La exención, reducción o bonificación no puede depender de un incumplimiento formal

Hace ya tiempo acudí a una jornada de principios de ejercicio en que los máximos responsables técnicos de la AEAT o de la DGT exponían las novedades fiscales recién dictadas. Una costumbre muy española, la de publicar leyes de presupuestos con modificaciones fiscales y leyes de acompañamiento, que últimamente se ha visto aminorada por la ausencia de gobierno.  En ella se hacía referencia por primera vez a una técnica que ha venido desarrollándose por todos los órganos legislativos españoles, cada vez con más asiduidad. Se trataba de la reducción el IRPF de los rendimientos del capital inmobiliario, para las rentas declaradas.

El art. 23.2 de la Ley 35/2006, del IRPF establecía en su versión original que: “1.º En los supuestos de arrendamiento de bienes inmuebles destinados a vivienda, el rendimiento neto calculado con arreglo a lo dispuesto en el apartado anterior, se reducirá en un 50 por ciento. Tratándose de rendimientos netos positivos, la reducción sólo resultará aplicable respecto de los rendimientos declarados por el contribuyente.

2.º Dicha reducción será del 100 por ciento, cuando el arrendatario tenga una edad comprendida entre 18 y 35 años y unos rendimientos netos del trabajo o de actividades económicas en el período impositivo superiores al indicador público de renta de efectos múltiples.”

De tal forma que, exponía el pseudo autor de la norma, se favorece la declaración espontánea, al que declara, de tal forma que el contribuyente que no lo declara y es descubierto por la Administración pierde el derecho al beneficio fiscal.

Levanté la mano y espeté al ponente que ello no era posible, que era inconstitucional.

La verdad es que el problema ha tardado en dar la cara. La sentencia nº  1241 del TSJ de la CV de 29/11/2018 en el recurso contencioso administrativo nº798/2015 dirigido por mi compañero José Juan Estellés Luis, haciéndose eco de otras sentencias del TSJ de Madrid, estima la demanda con base en las siguientes consideraciones:

-La diferencia entre declaración y autoliquidación. El interesado presentó, aunque tarde, una autoliquidación y por tanto, está declarado. El art. 23.2.1 se habla solo de liquidación y no de autoliquidación remitiéndose al concepto del art. 119 de LGT, ya que la regulación es independiente cuando se regula la autoliquidación en el art. 120 LGT.

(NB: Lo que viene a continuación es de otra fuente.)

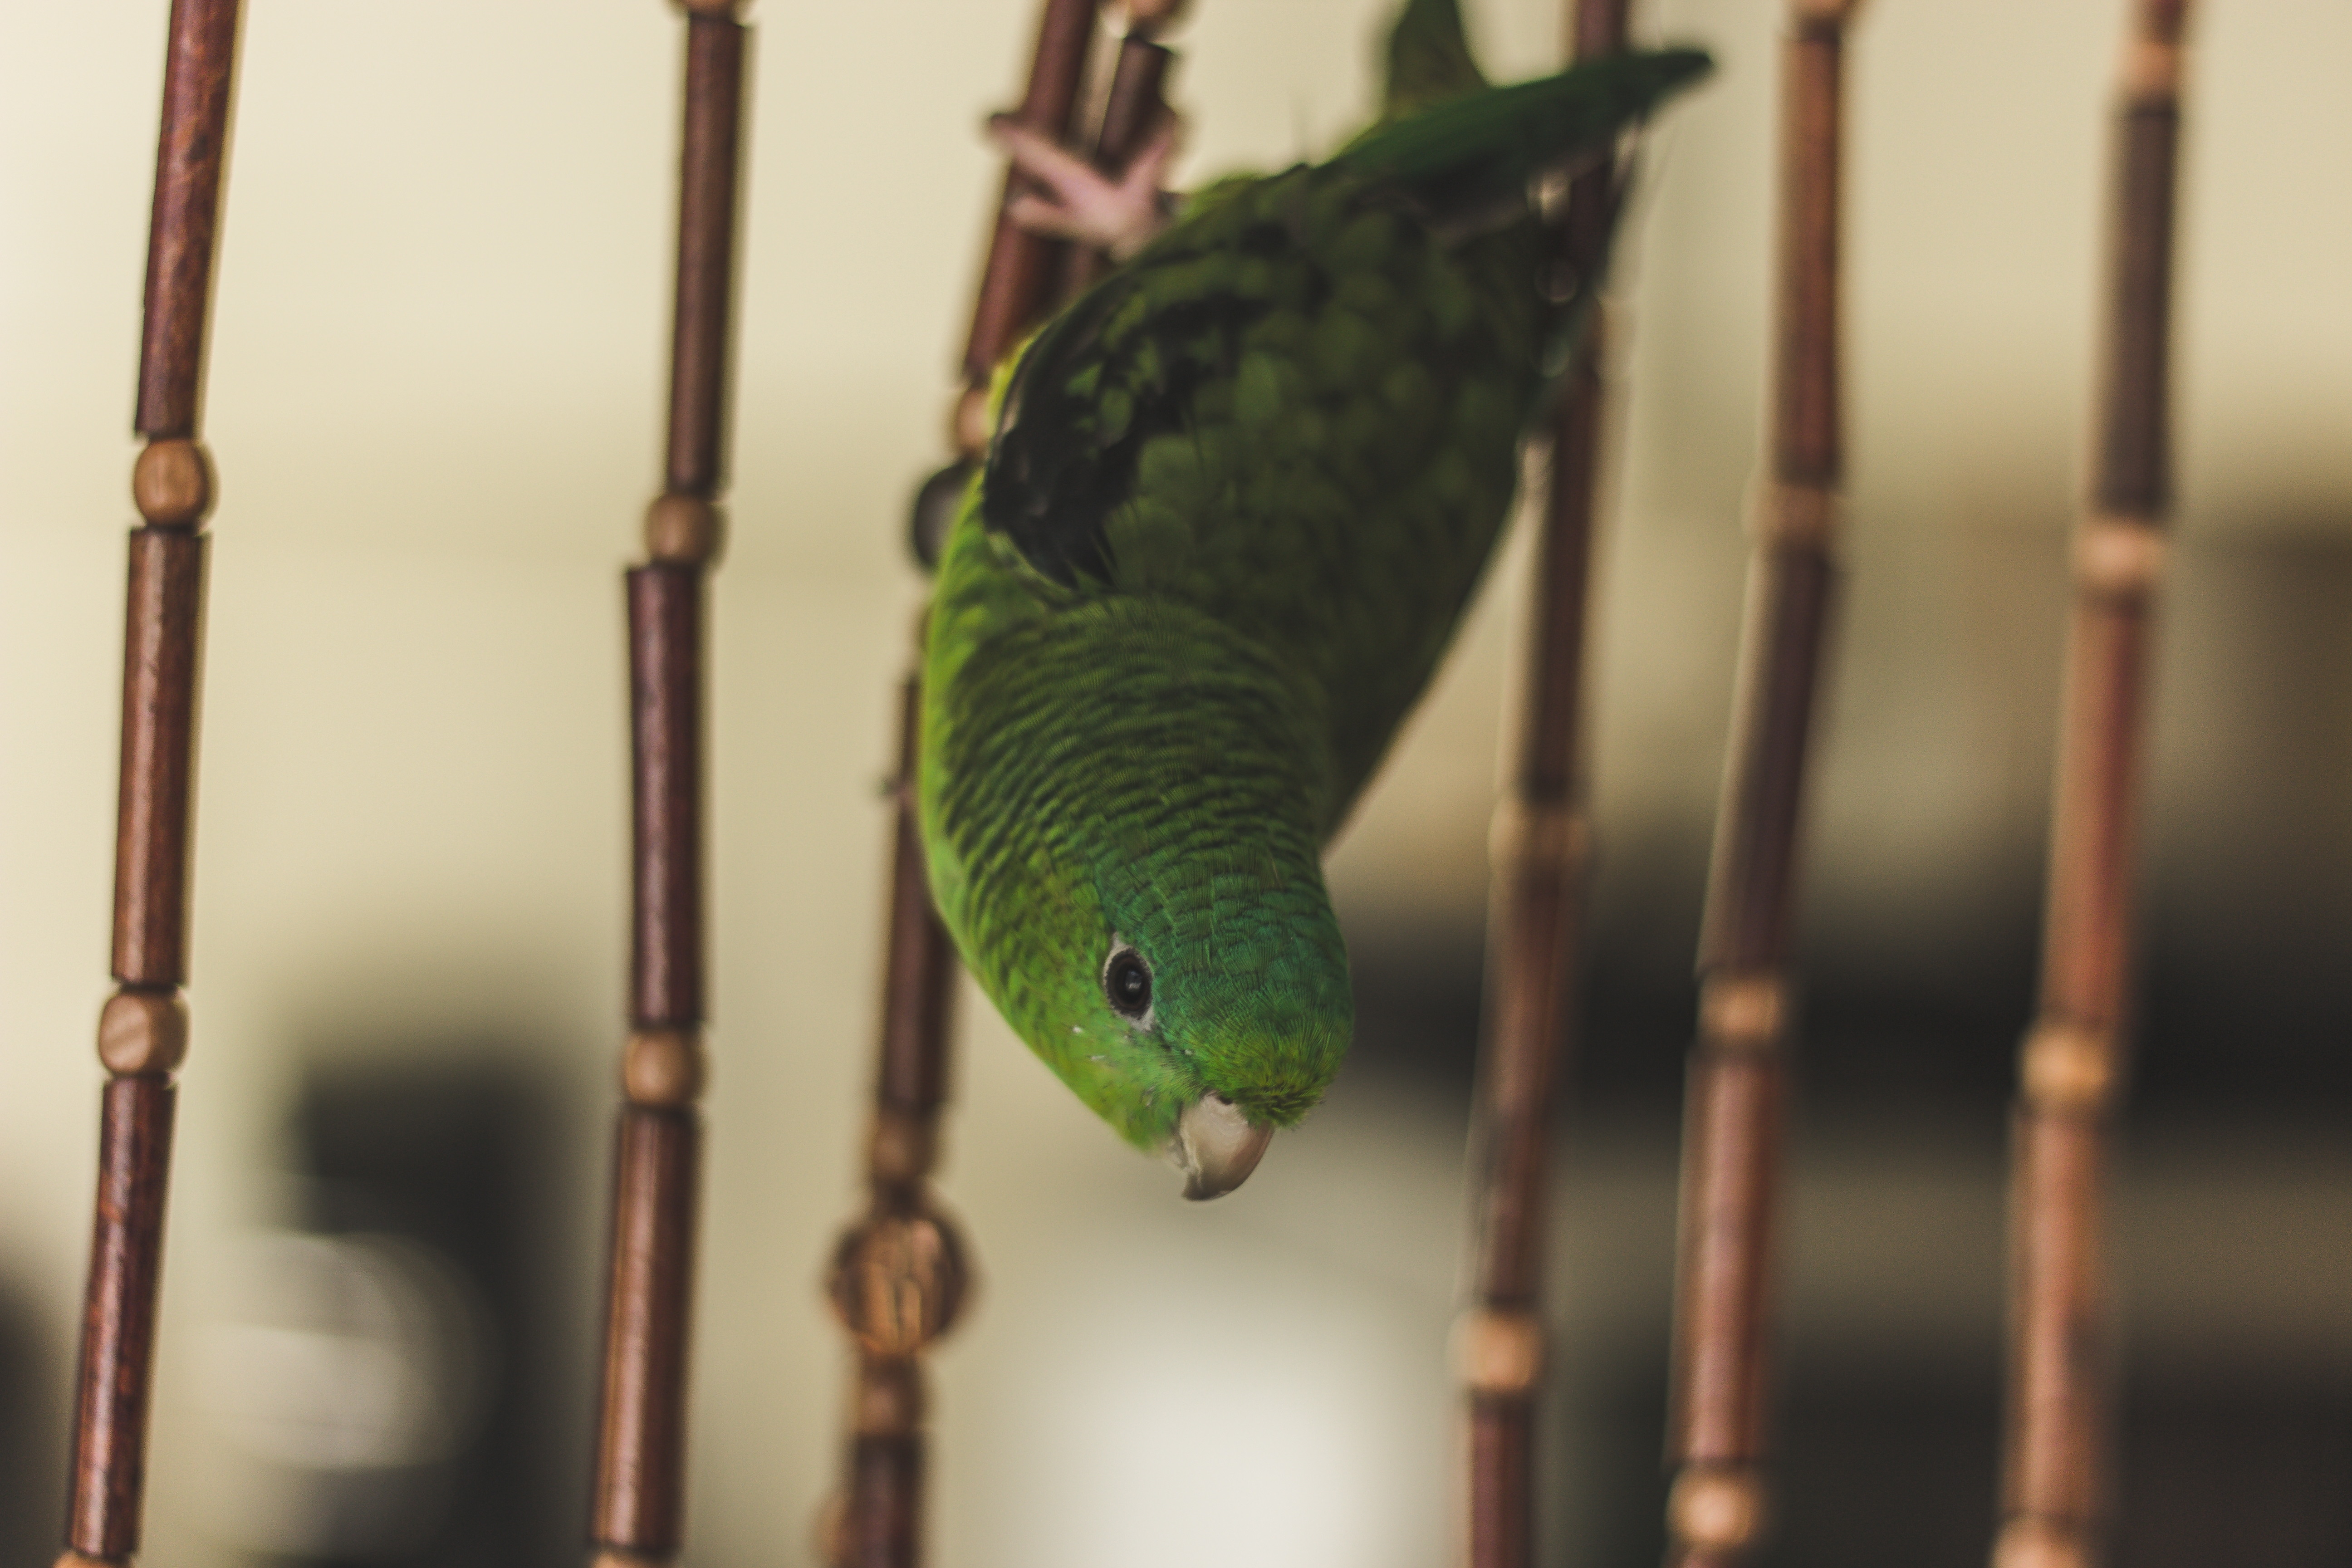 Зеленый попугай сидит в клетке вниз головой · бесплатная фотография
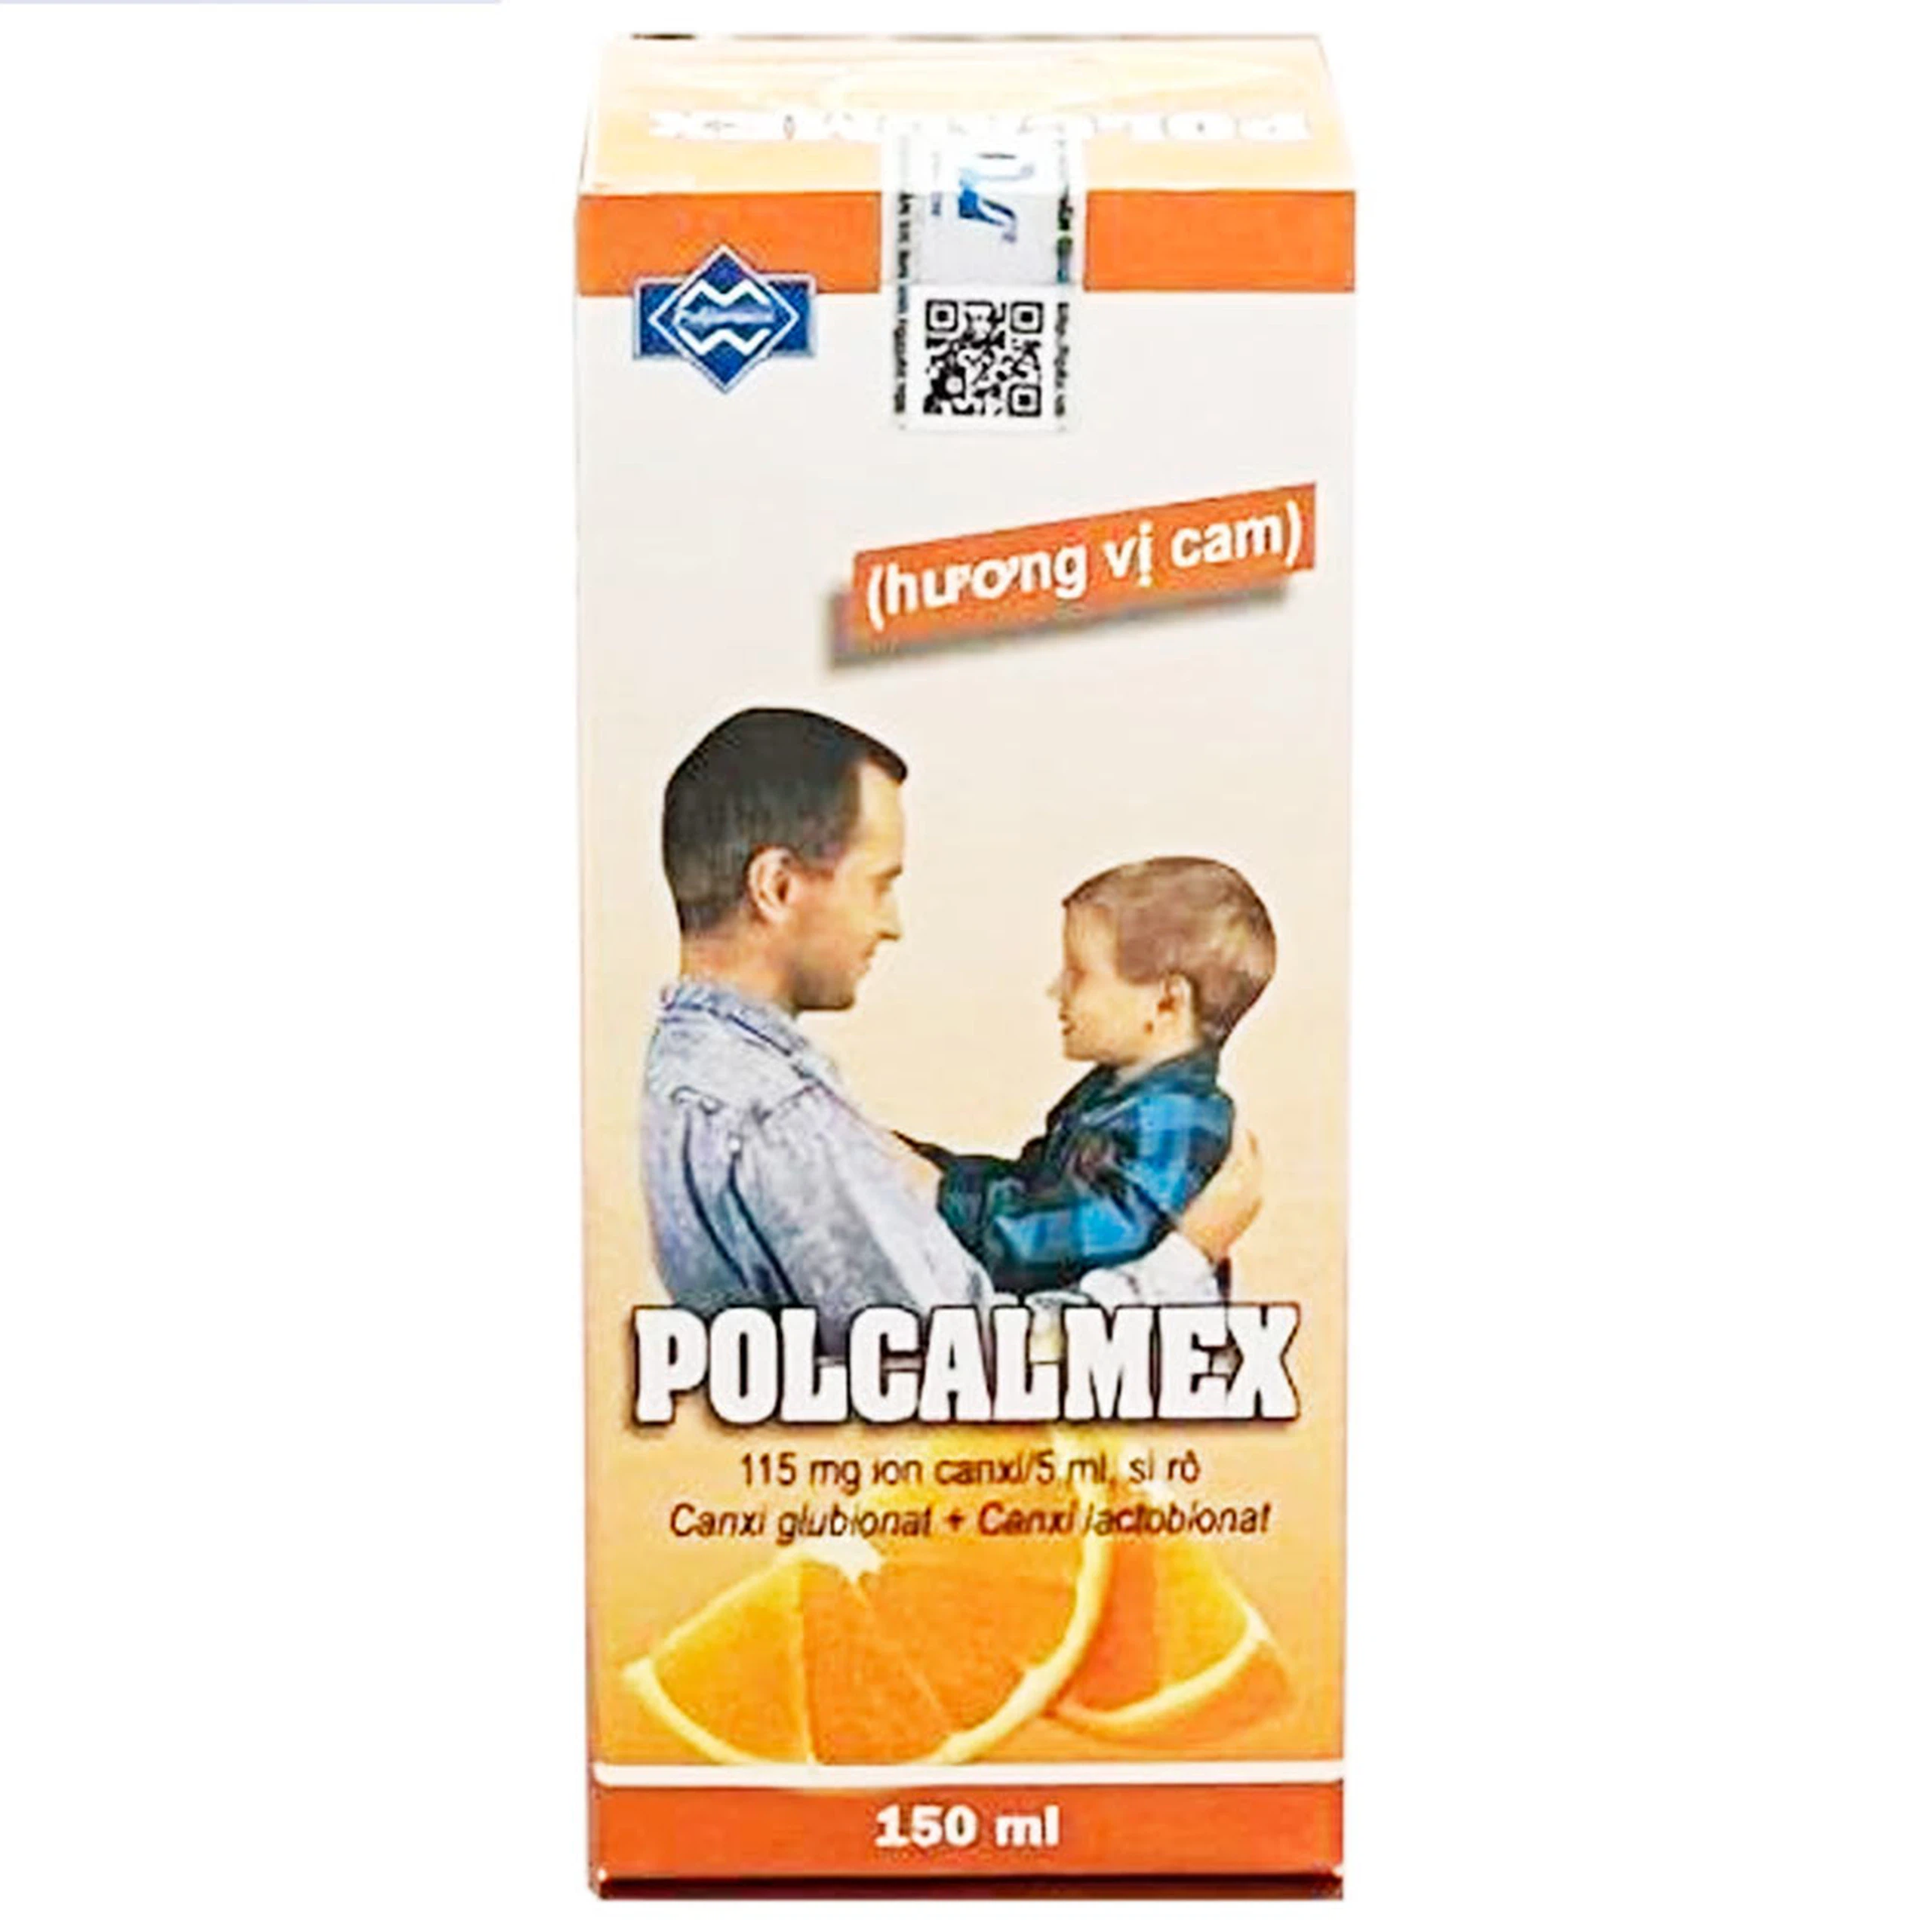 Siro Polcalmex Polfarmex vị cam - phòng và điều trị thiếu canxi (150ml)

-La norma no exige que deba efectuarse la declaración antes del inicio de las actuaciones de comprobación por parte de la administración.

El abogado del Estado ha interpuesto recurso de casación contra la citada sentencia que ha sido admitido por Auto del TS Sala de lo Contencioso de 18/07/2019, Id Cendoj: 28079130012019201174, y en ella se va a decidir fundamentalmente:

 “2º) La cuestión que presenta interés casacional objetivo para la formación de jurisprudencia consiste en: Precisar el alcance de la expresión "rendimientos declarados por el contribuyente" contenida en el artículo 23.2 de la Ley 35/2016, de 28 de noviembre, del Impuesto sobre la Renta de las Personas Físicas y de modificación parcial de las leyes de los Impuestos sobre Sociedades, sobre la Renta de no Residentes y sobre el Patrimonio, a efectos de la aplicación de la reducción del 60% sobre los rendimientos derivados del arrendamiento de bienes inmuebles destinados a vivienda.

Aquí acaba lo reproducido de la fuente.